** What you will do **
Skip the pictures, please, and write out exactly every line from the one containing "Women's Long Skirt" through the end of the listing below.

** Stored data **
***
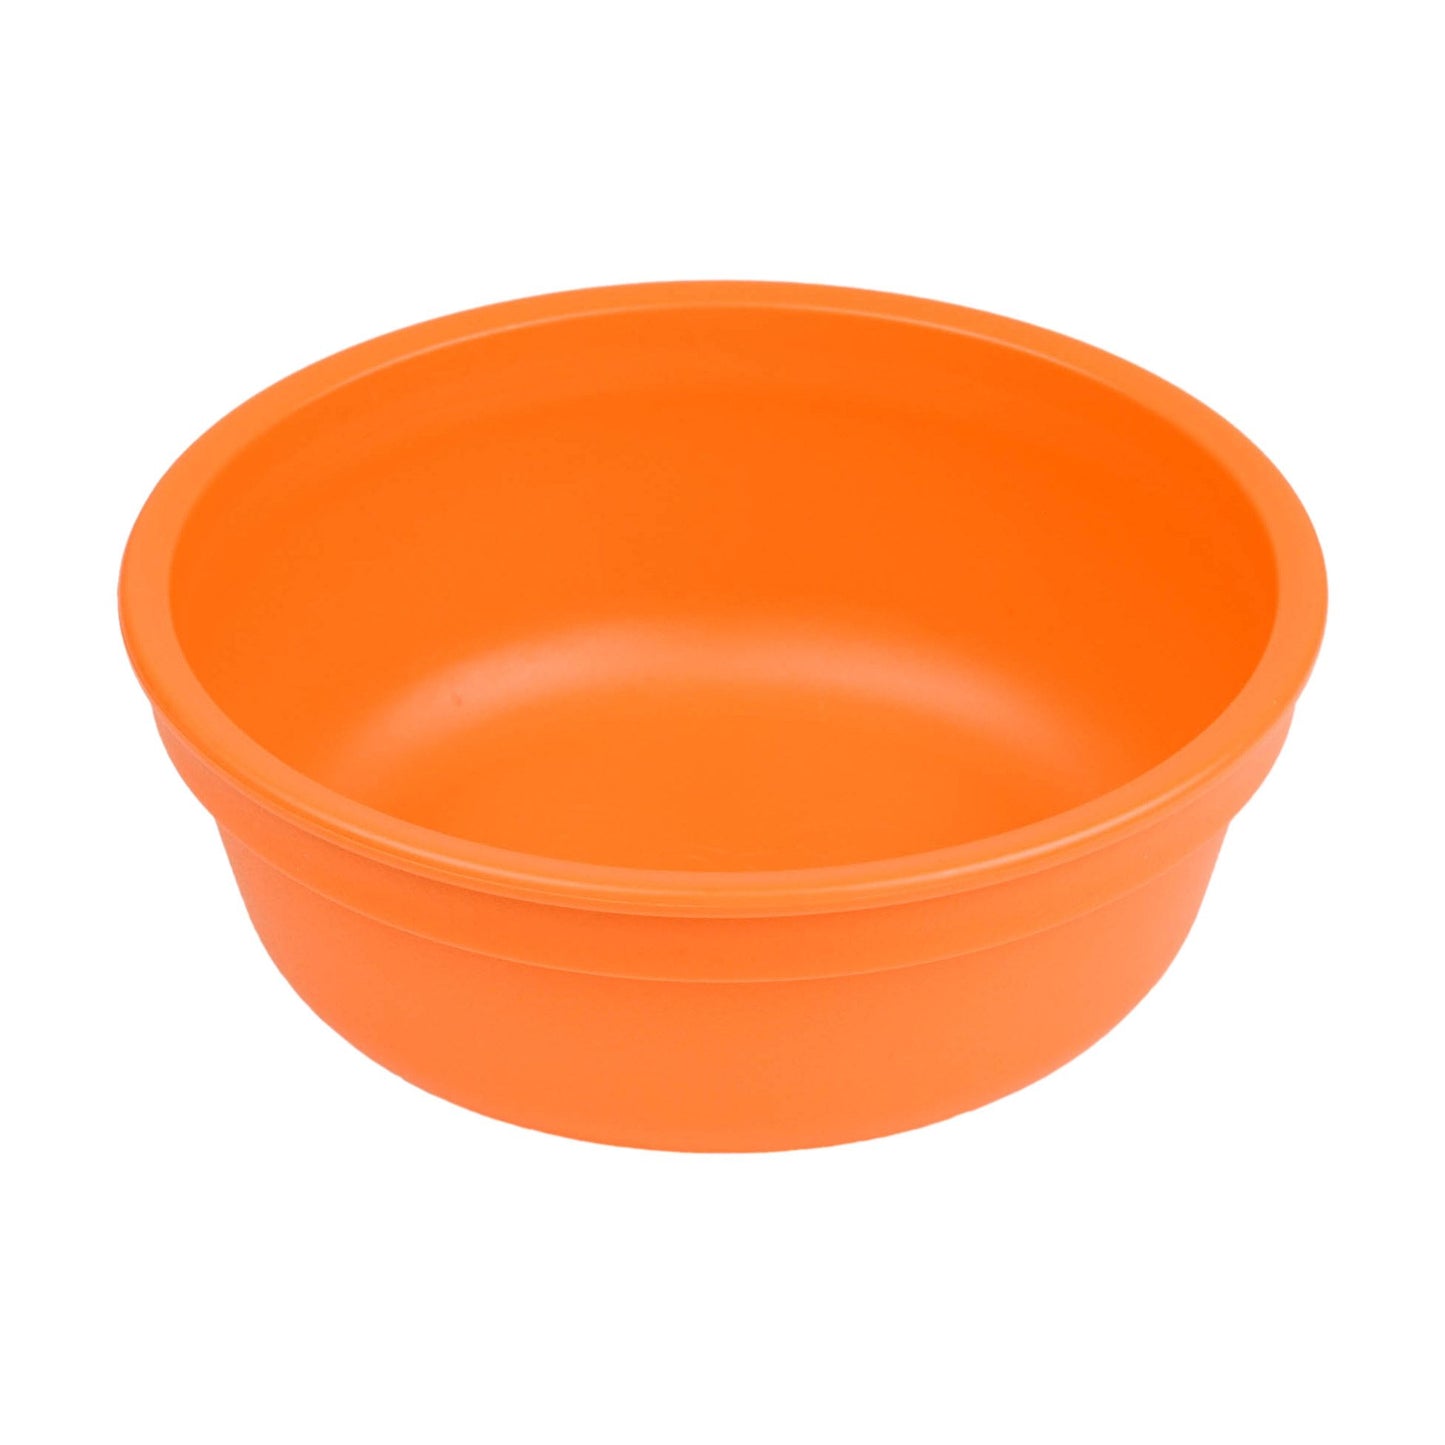 Replay Bowl - Orange
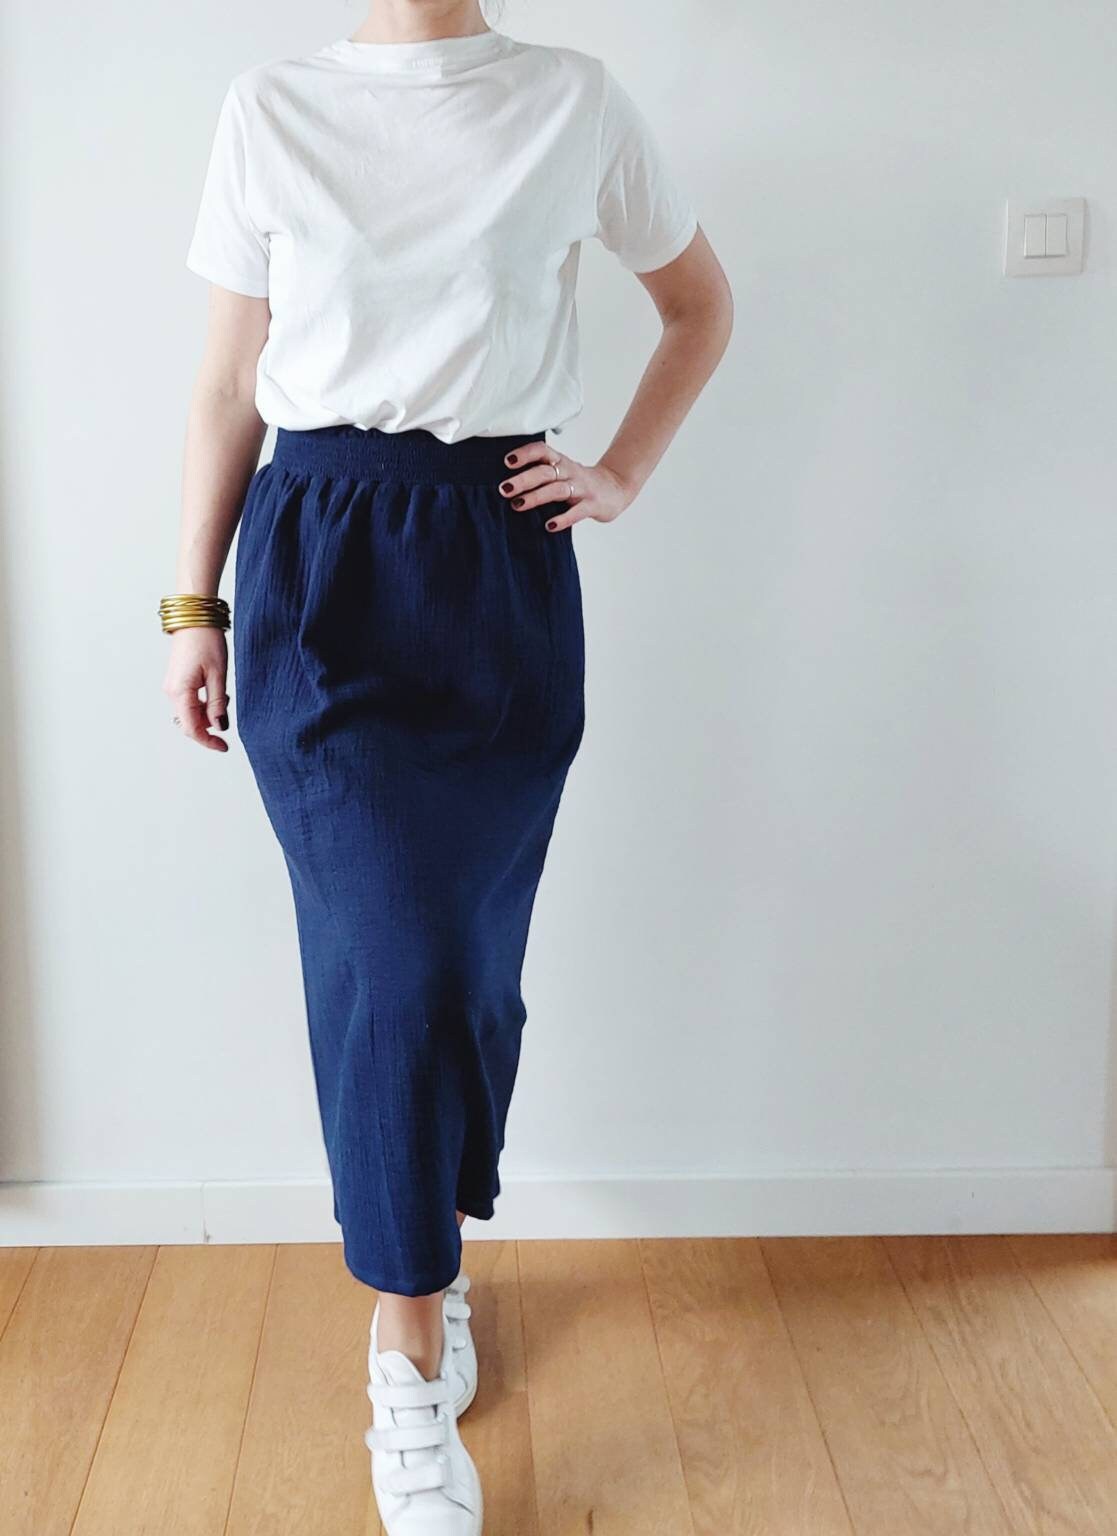 Women's Long Skirt Cotton Gauze Navy Blue Elastic - Etsy
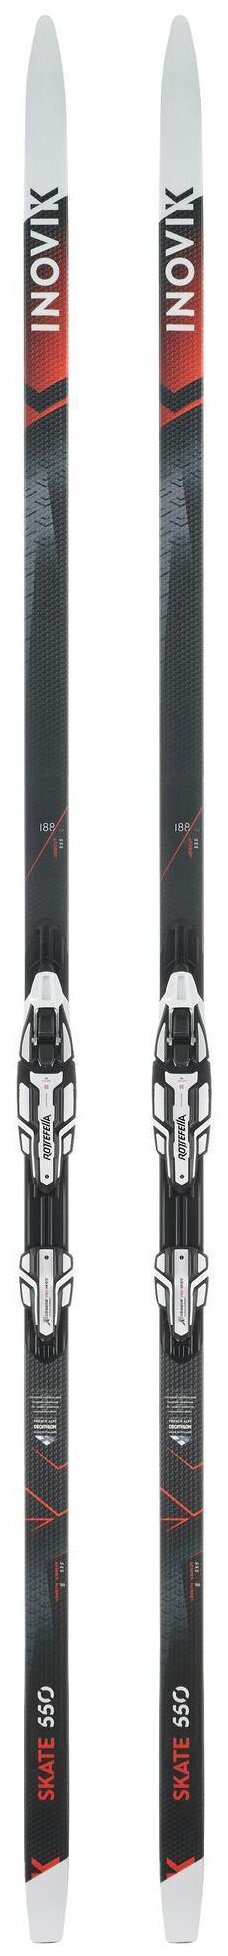 Взрослые лыжи для конькового хода 550 medium+Rottefella Xcelerator Модель XC S 550 - лыжи для конькового хода продвинутого уровня. Минимальное трение, а значит отличное скольжение благодаря использованию спеченного полиэтилена 188 см для мужчин/для женщин
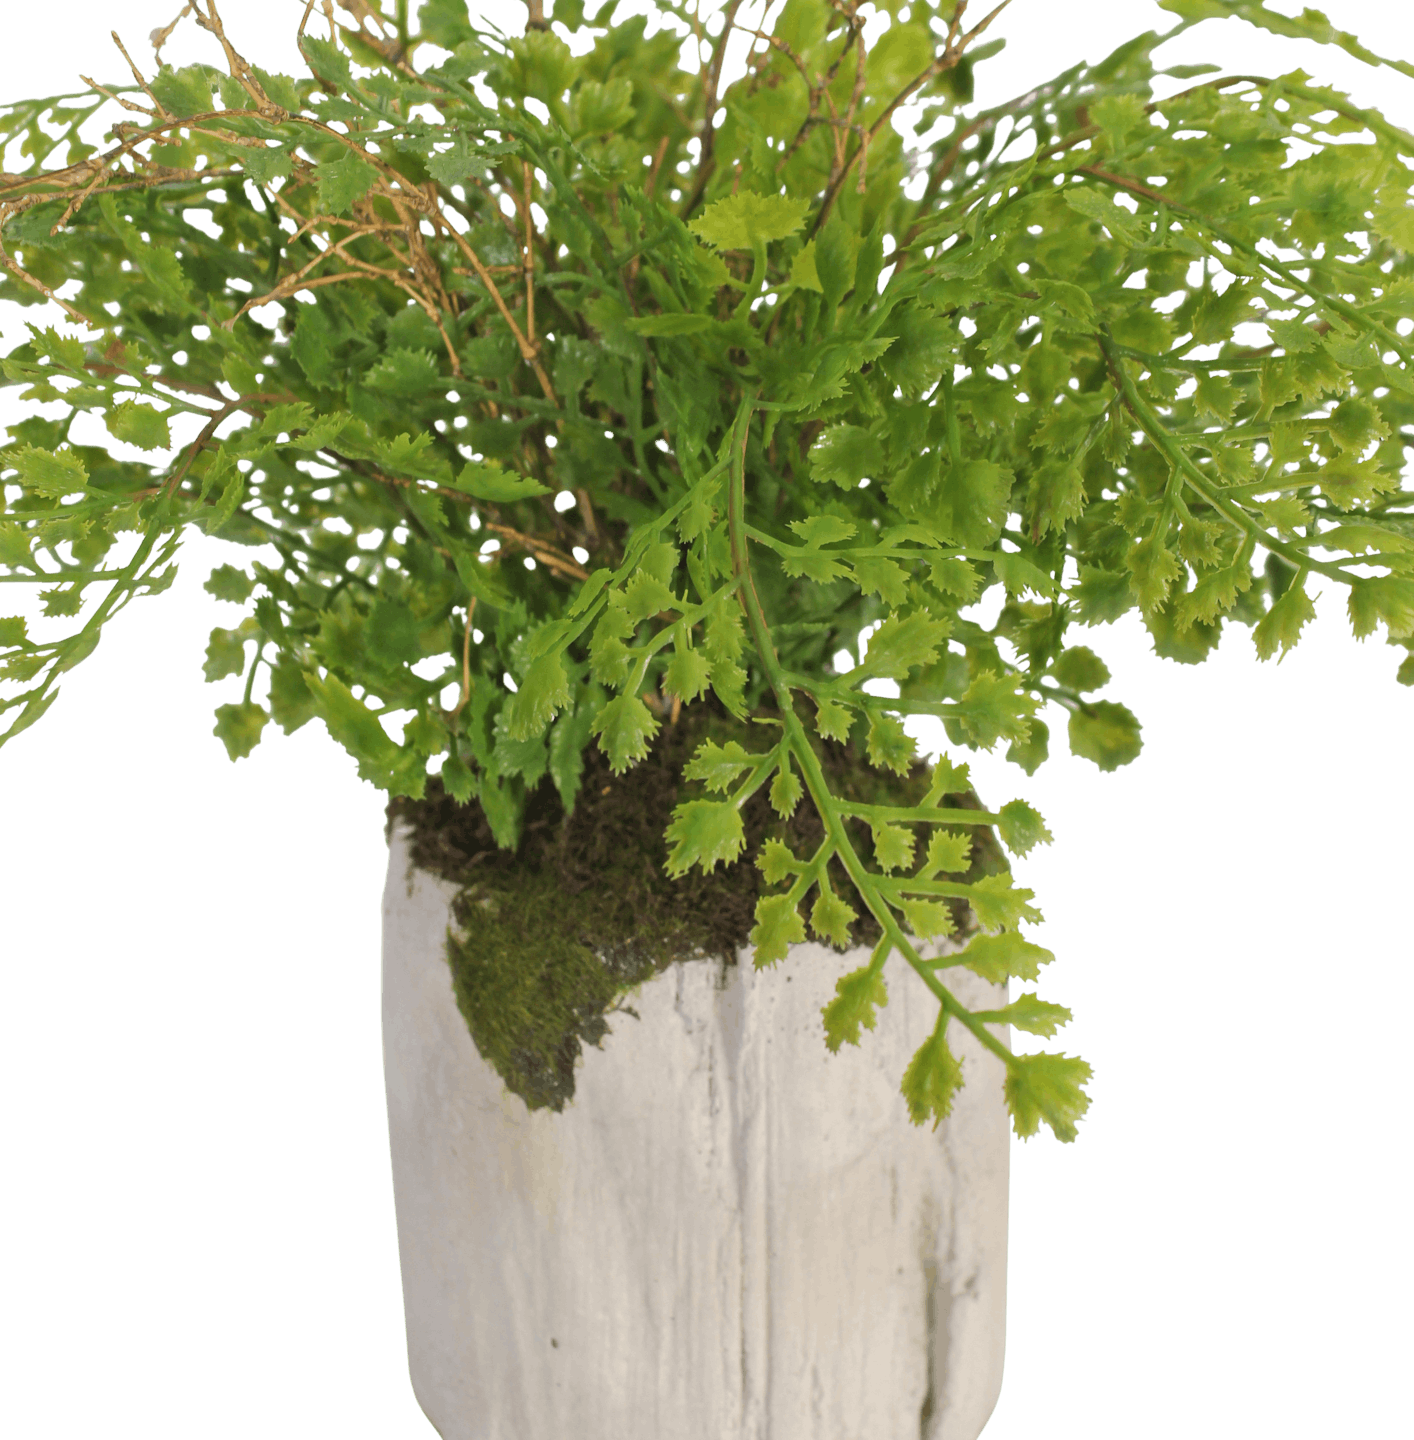 Faux maidenhair plant foliage
***
** Task output **
 Women's Long Skirt Cotton Gauze Navy Blue Elastic - Etsy
 Взрослые лыжи для конькового хода 550 medium+Rottefella Xcelerator Модель XC S 550 - лыжи для конькового хода продвинутого уровня. Минимальное трение, а значит отличное скольжение благодаря использованию спеченного полиэтилена 188 см для мужчин/для женщин
 Faux maidenhair plant foliage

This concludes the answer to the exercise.